Of course, he immediately called back, probably because Gwyneth had one of her perfectly manicured talons aimed at his jugular, and said that he didn’t object to any particular question, but that it was more about the fact that too many were coming at once, and Gwyneth scarcely had any time to tell him what to say about her.
Like I said, if I was married to her, I'd keep my mouth shut, too.


Wow. This is shocking.
Not.
Fame-whore, and money-grubbing, Kate Gosselin is planning to enroll her brood of eight into acting, singing, dancing, joking, shilling for Mama, classes.
According to sources--and I can think of at least eight 'people' who wanna dog Kate--her "ultimate goal is to get her kids into the entertainment business and manage their careers. She’s looking into acting, singing and dancing classes near the family’s home in Pennsylvania. She wants to get the kids started in commercials by next year…”

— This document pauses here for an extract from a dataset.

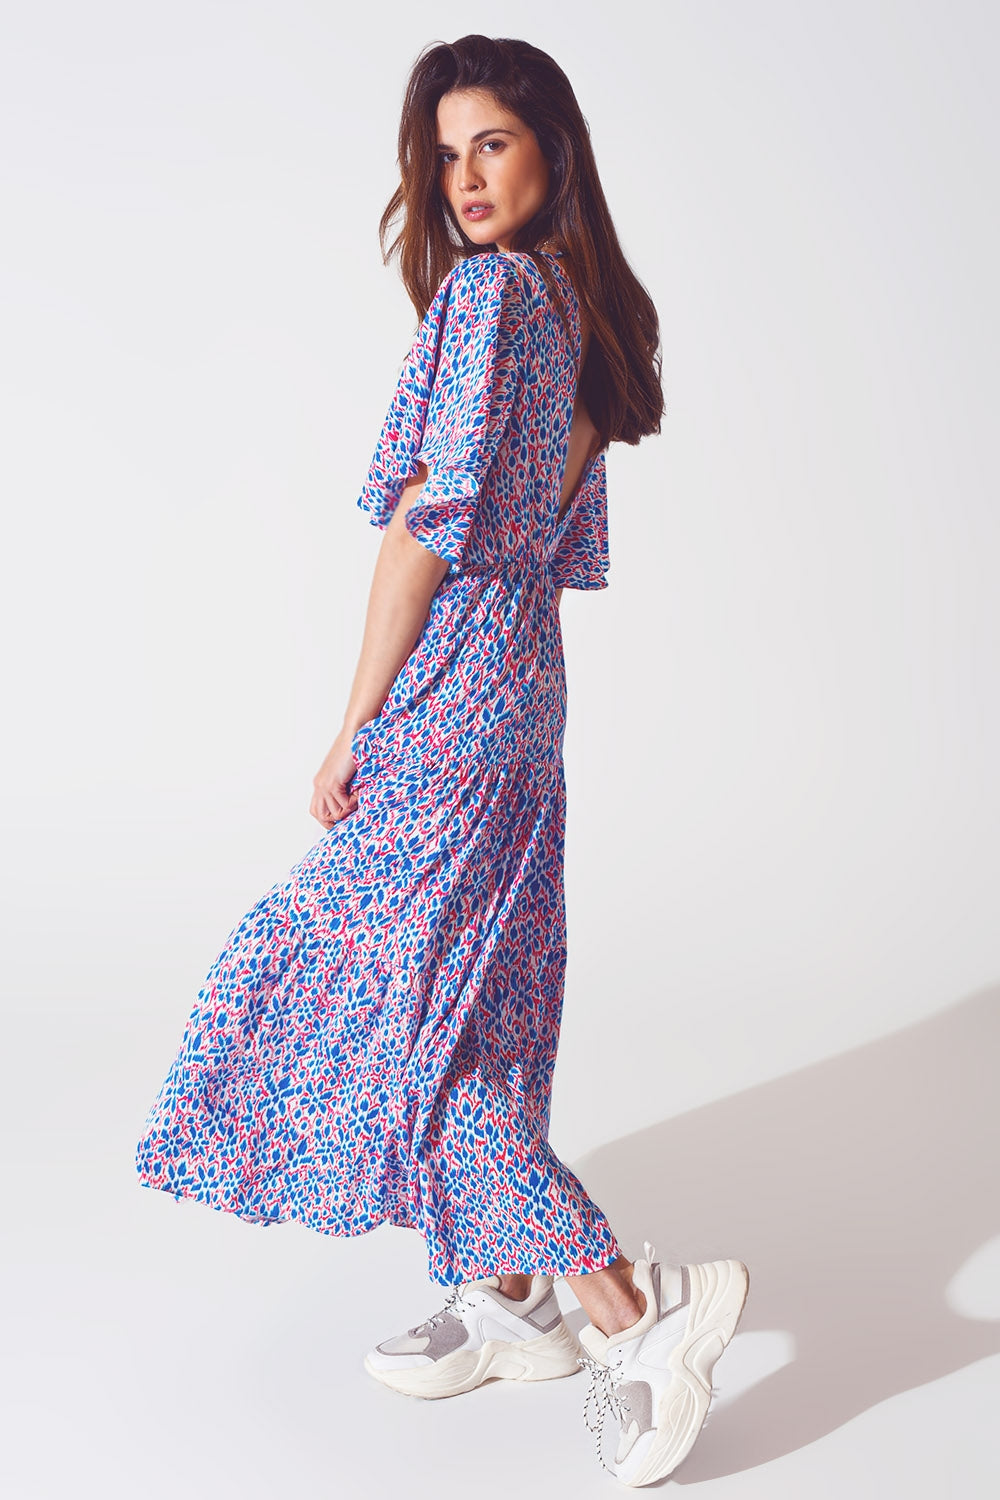 Full Length Dress With Open Tie back in Purple Print - Szua Store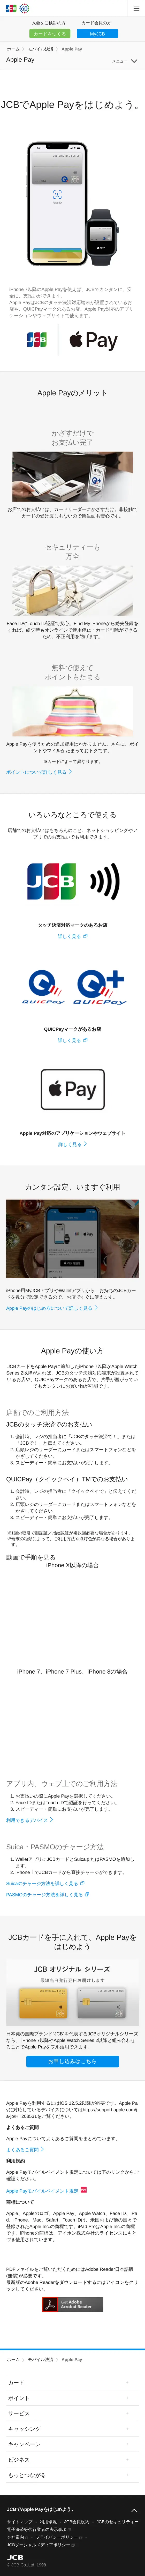 キャプチャ画面 会社名:株式会社ジェーシービープロジェクト名:Apple Pay 画面名:A デバイス名:SPカテゴリ:金融・保険タグ:A,SP

Kate believes that she can be the mother of all stage moms, making big bucks by managing the kids’ careers, and never having to work a day in her life again. Because that's what she does, whore herself and her children out.
She's the New Dina Lohan.
But ex-husband Jon isn't keen on kid-sploitation. According to those eight sources, Daddy, er, Jon, has "been very outspoken about wanting to keep the children off TV.”
But Kate is one mean mama who don't take 'No' for an answer if it comes between her and not having to actually work again ever. I mean, her TV show failed, she tried to get a talk show and that fizzled, her dancing was more lumbering, and her latest TV show was canned.